▶ [Prompt]: What the task requires is an exact printout of the listing below, pictures excluded.

▶ [Data shown]:

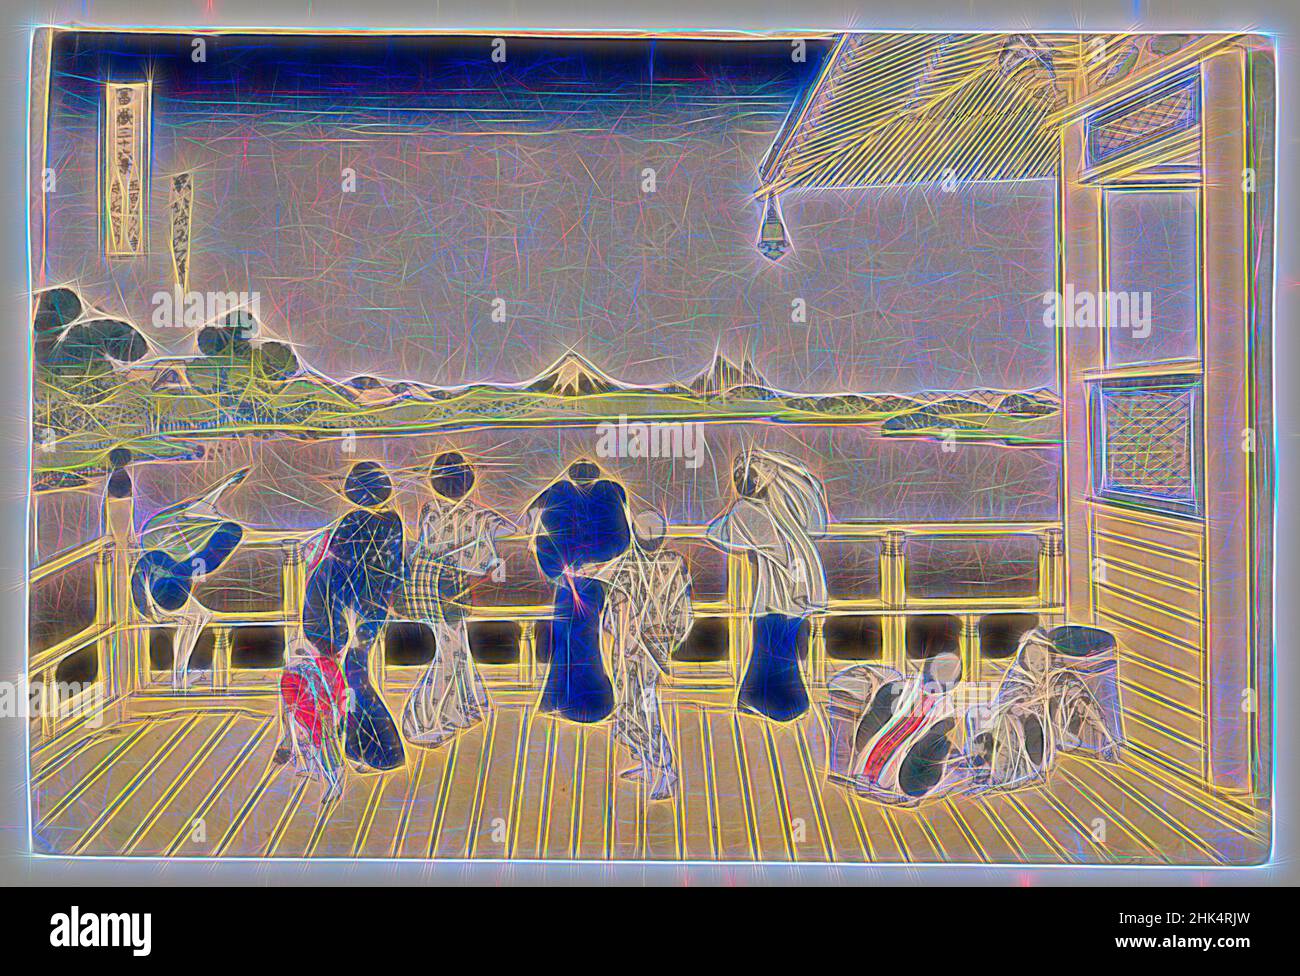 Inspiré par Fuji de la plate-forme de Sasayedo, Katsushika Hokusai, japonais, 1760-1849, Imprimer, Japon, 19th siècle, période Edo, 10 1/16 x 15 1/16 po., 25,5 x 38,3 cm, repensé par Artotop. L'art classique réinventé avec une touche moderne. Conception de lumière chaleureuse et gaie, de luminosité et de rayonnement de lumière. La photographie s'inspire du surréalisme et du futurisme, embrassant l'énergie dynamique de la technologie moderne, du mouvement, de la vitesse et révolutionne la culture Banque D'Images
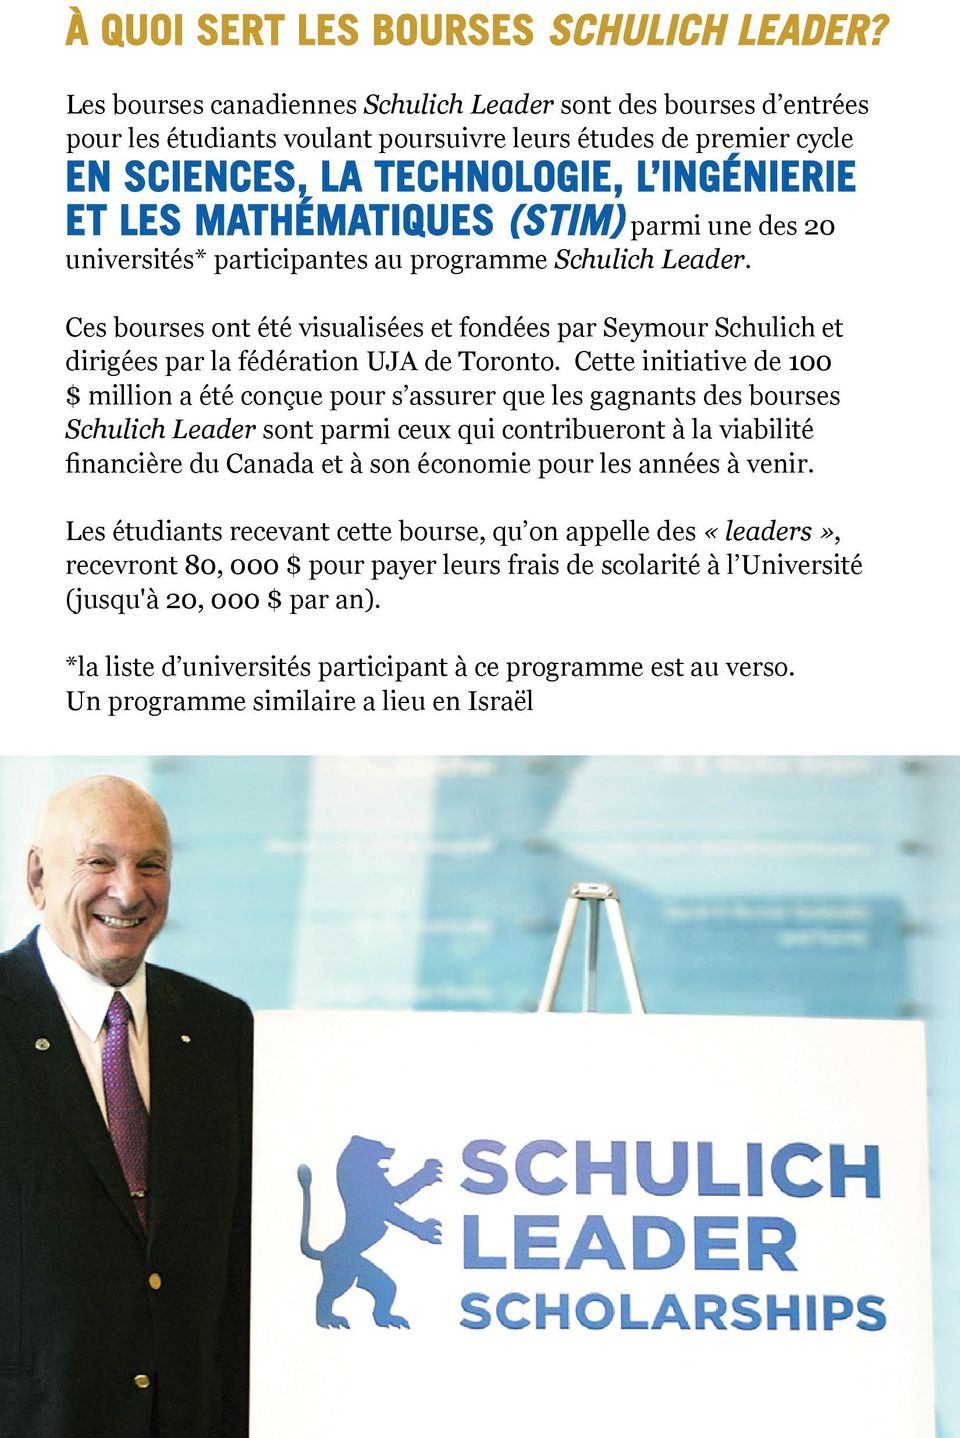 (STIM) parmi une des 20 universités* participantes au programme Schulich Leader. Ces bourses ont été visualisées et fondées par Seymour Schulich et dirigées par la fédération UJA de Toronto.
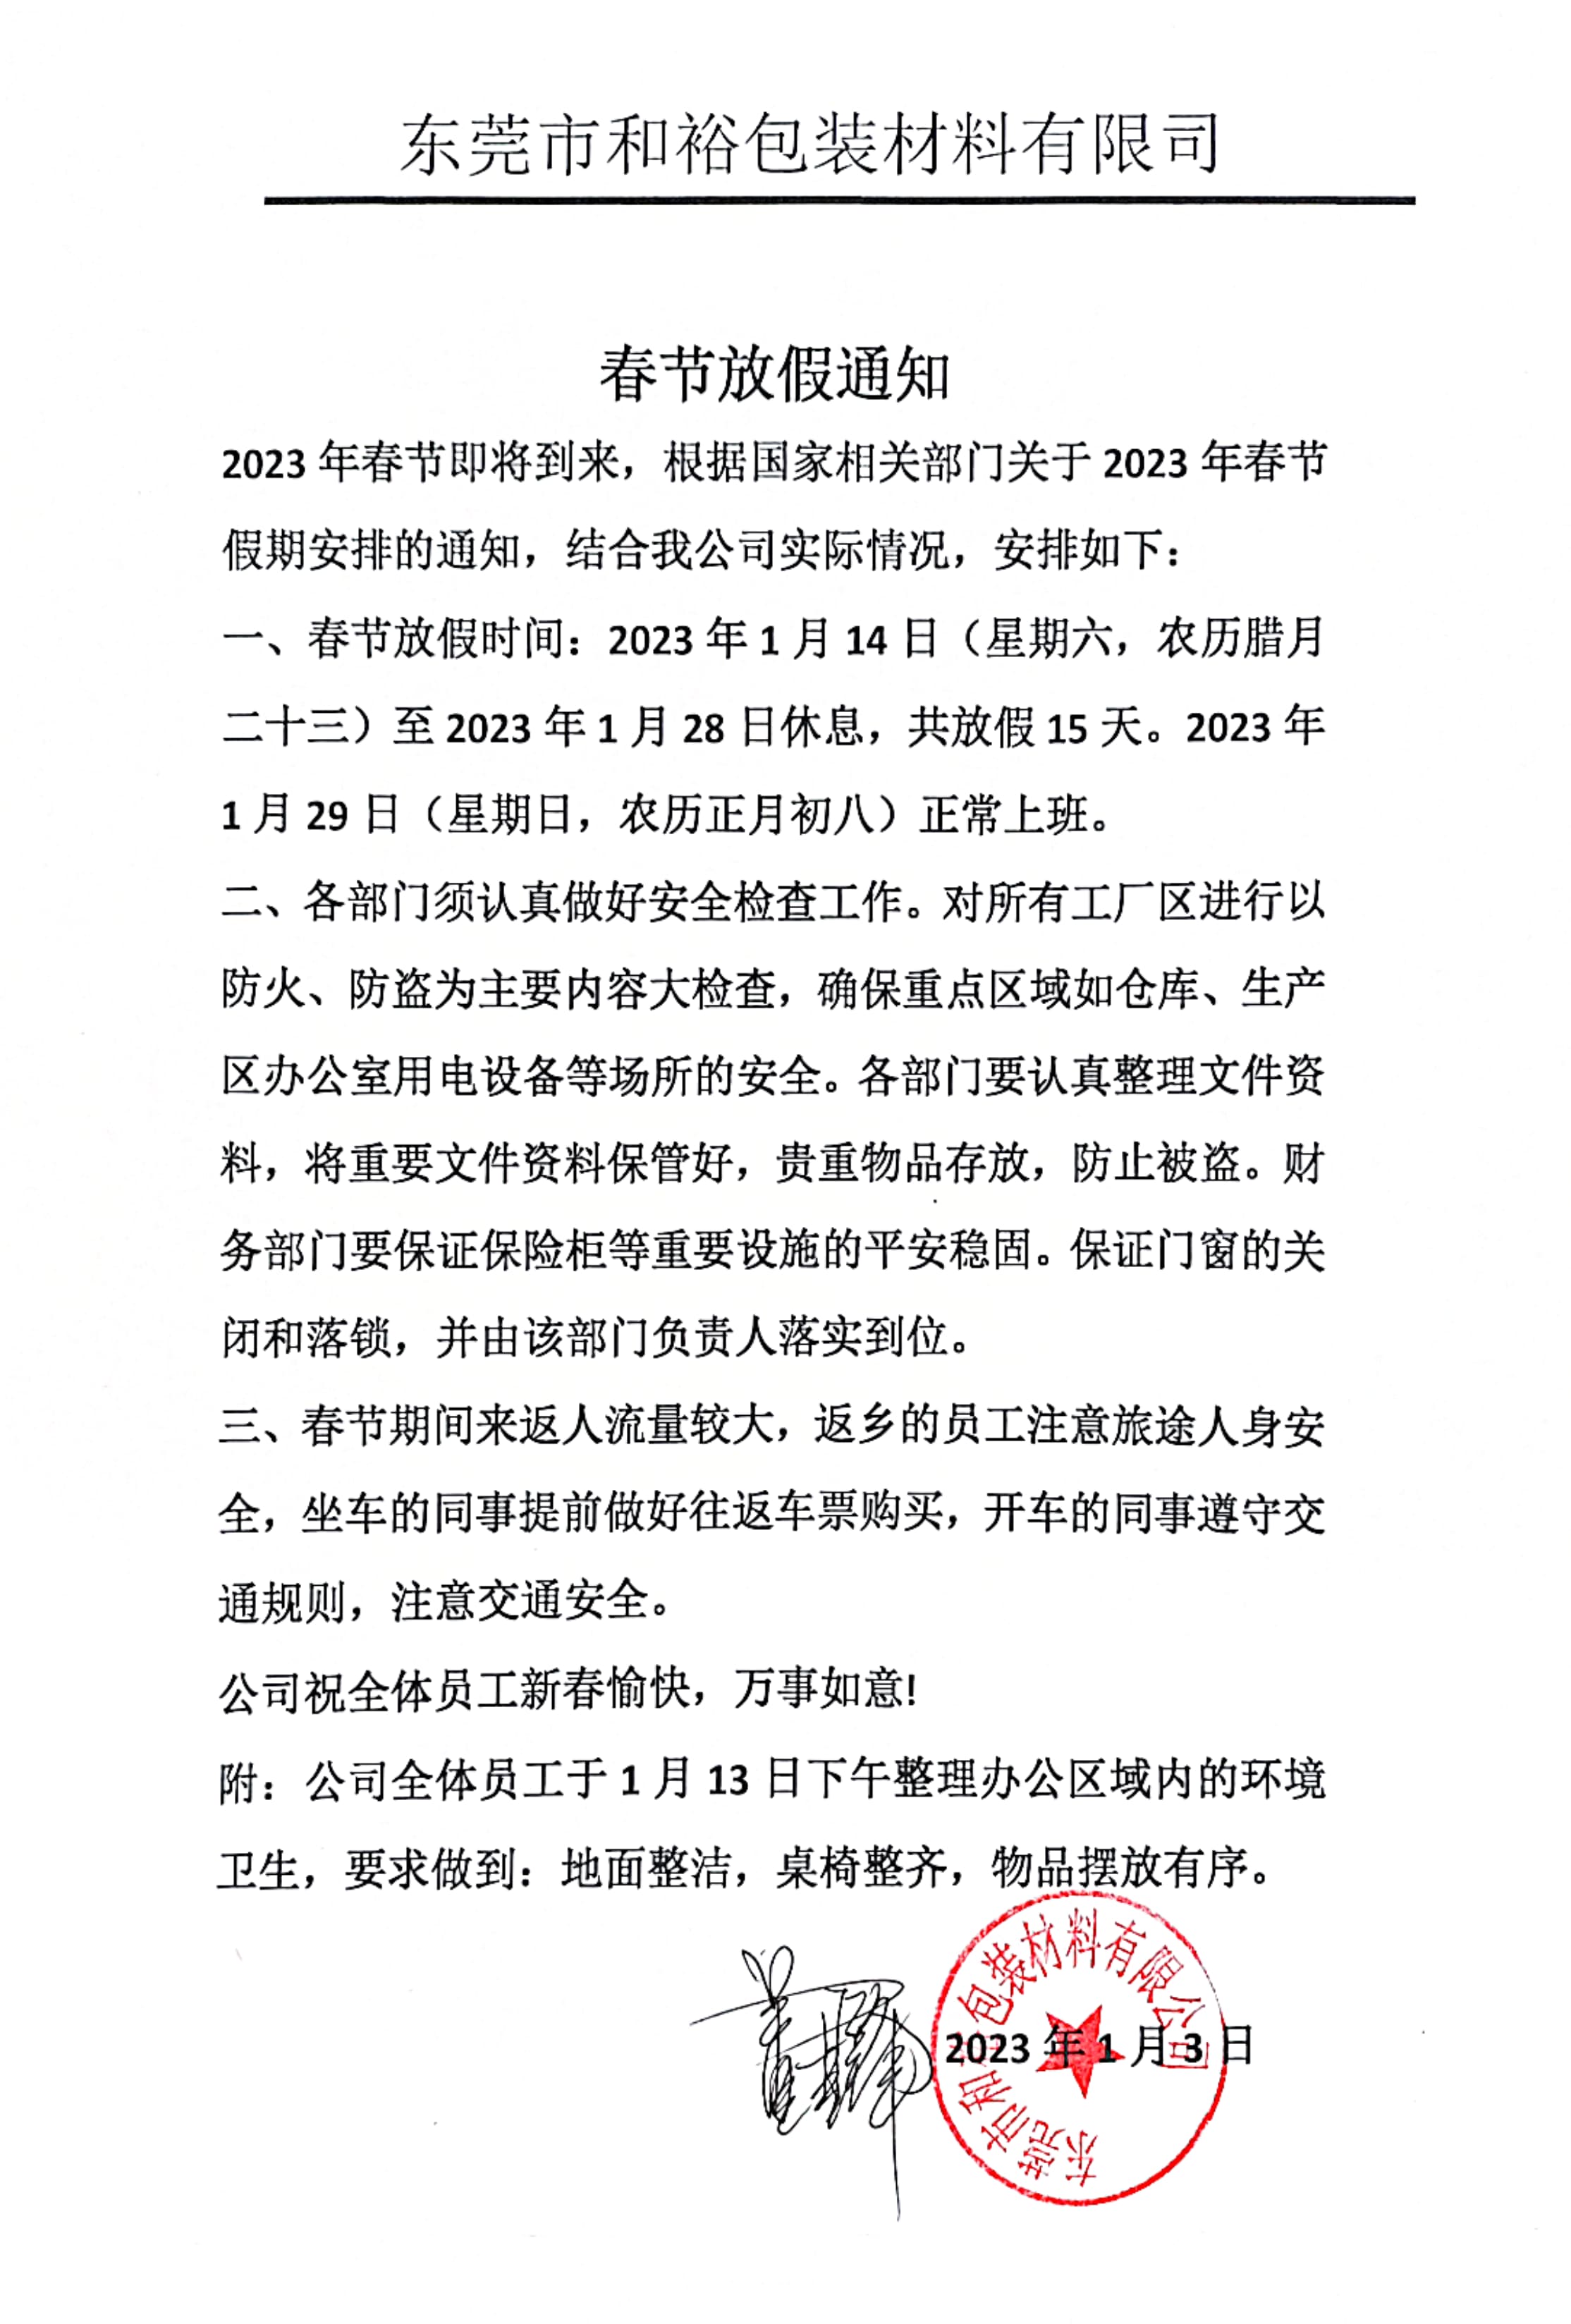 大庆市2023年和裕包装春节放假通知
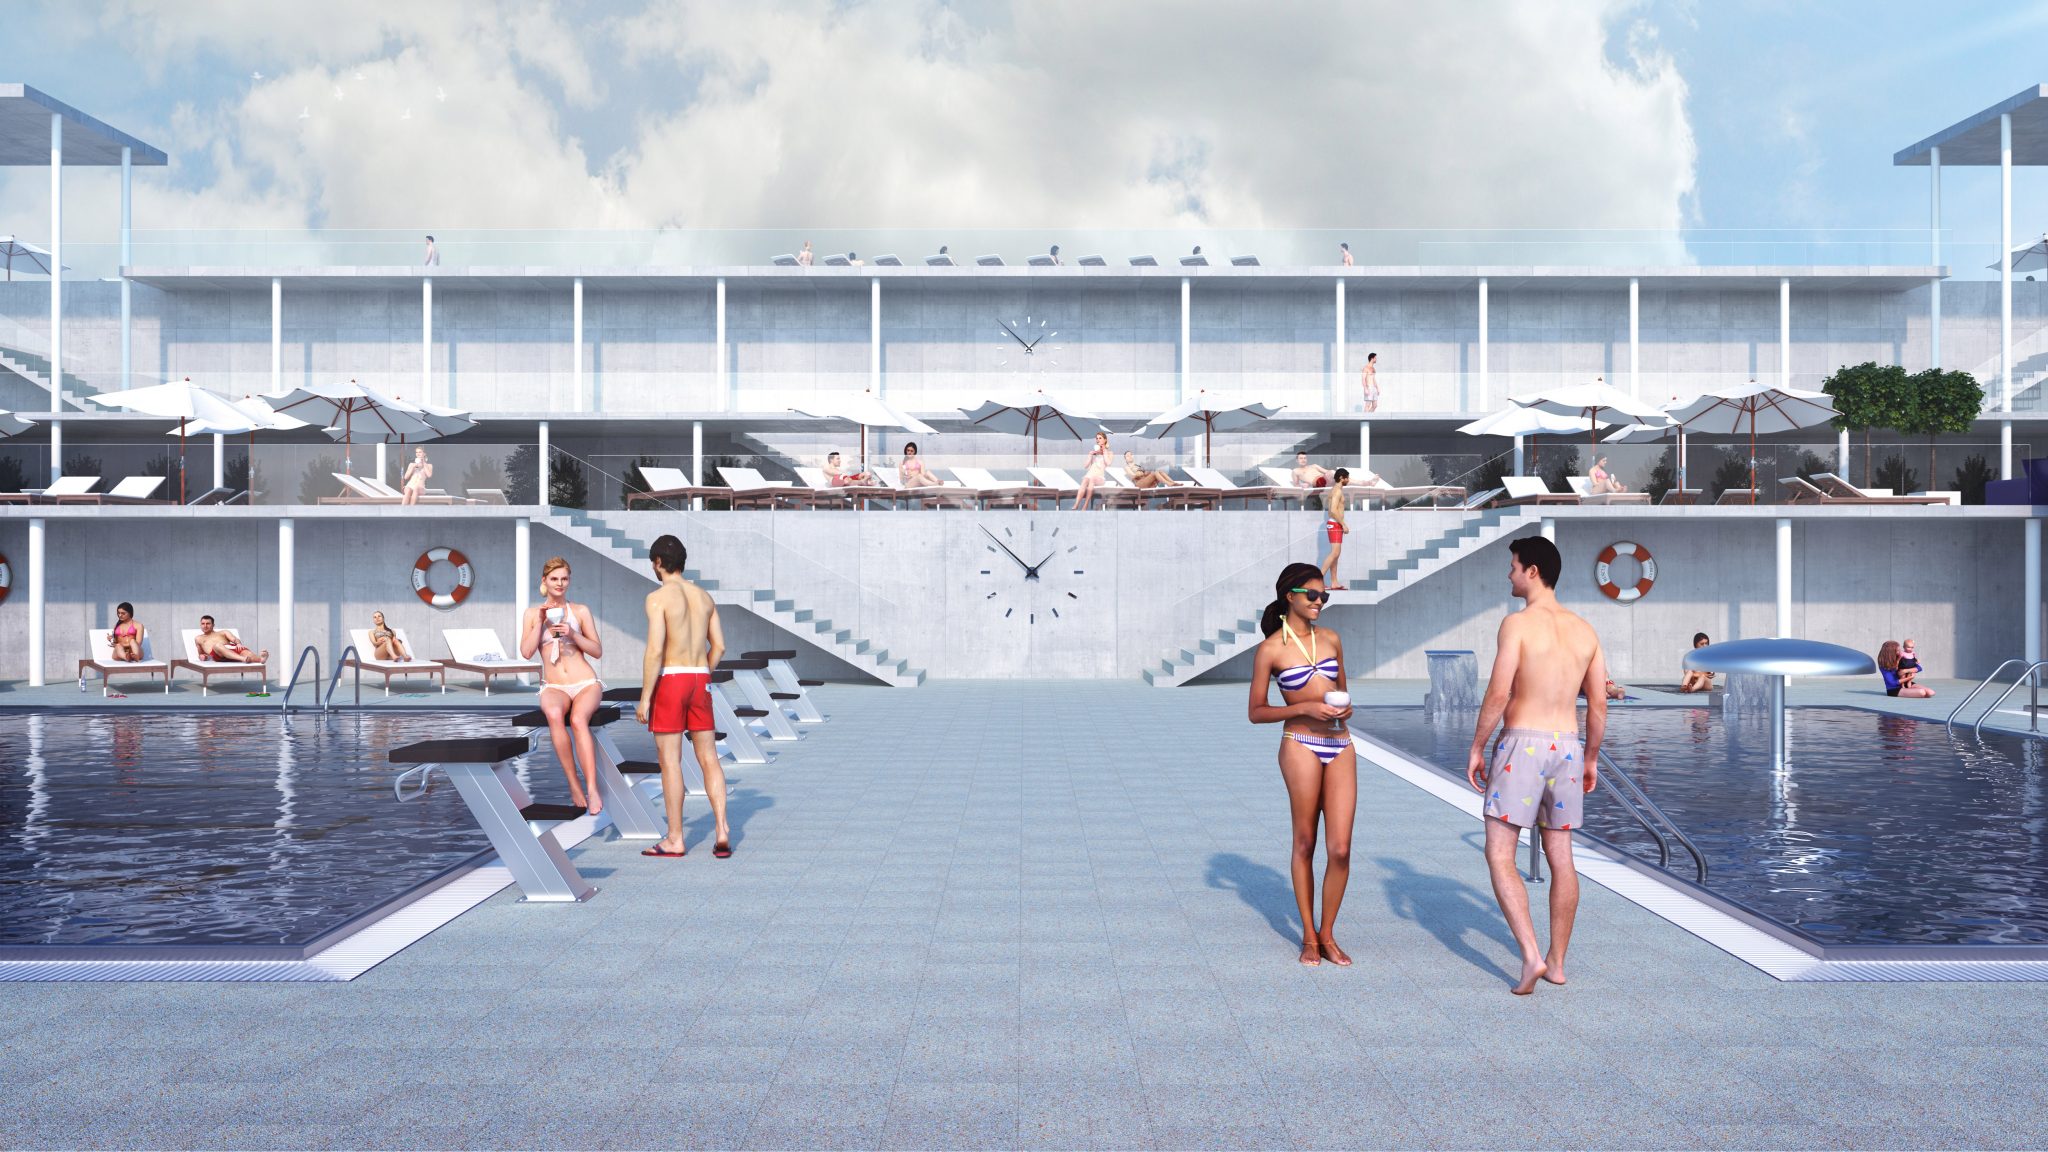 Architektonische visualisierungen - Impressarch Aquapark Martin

▶ [Output of the task]:
 Inspiré par Fuji de la plate-forme de Sasayedo, Katsushika Hokusai, japonais, 1760-1849, Imprimer, Japon, 19th siècle, période Edo, 10 1/16 x 15 1/16 po., 25,5 x 38,3 cm, repensé par Artotop. L'art classique réinventé avec une touche moderne. Conception de lumière chaleureuse et gaie, de luminosité et de rayonnement de lumière. La photographie s'inspire du surréalisme et du futurisme, embrassant l'énergie dynamique de la technologie moderne, du mouvement, de la vitesse et révolutionne la culture Banque D'Images
 (STIM) parmi une des 20 universités* participantes au programme Schulich Leader. Ces bourses ont été visualisées et fondées par Seymour Schulich et dirigées par la fédération UJA de Toronto.
 大庆市2023年和裕包装春节放假通知
 Architektonische visualisierungen - Impressarch Aquapark Martin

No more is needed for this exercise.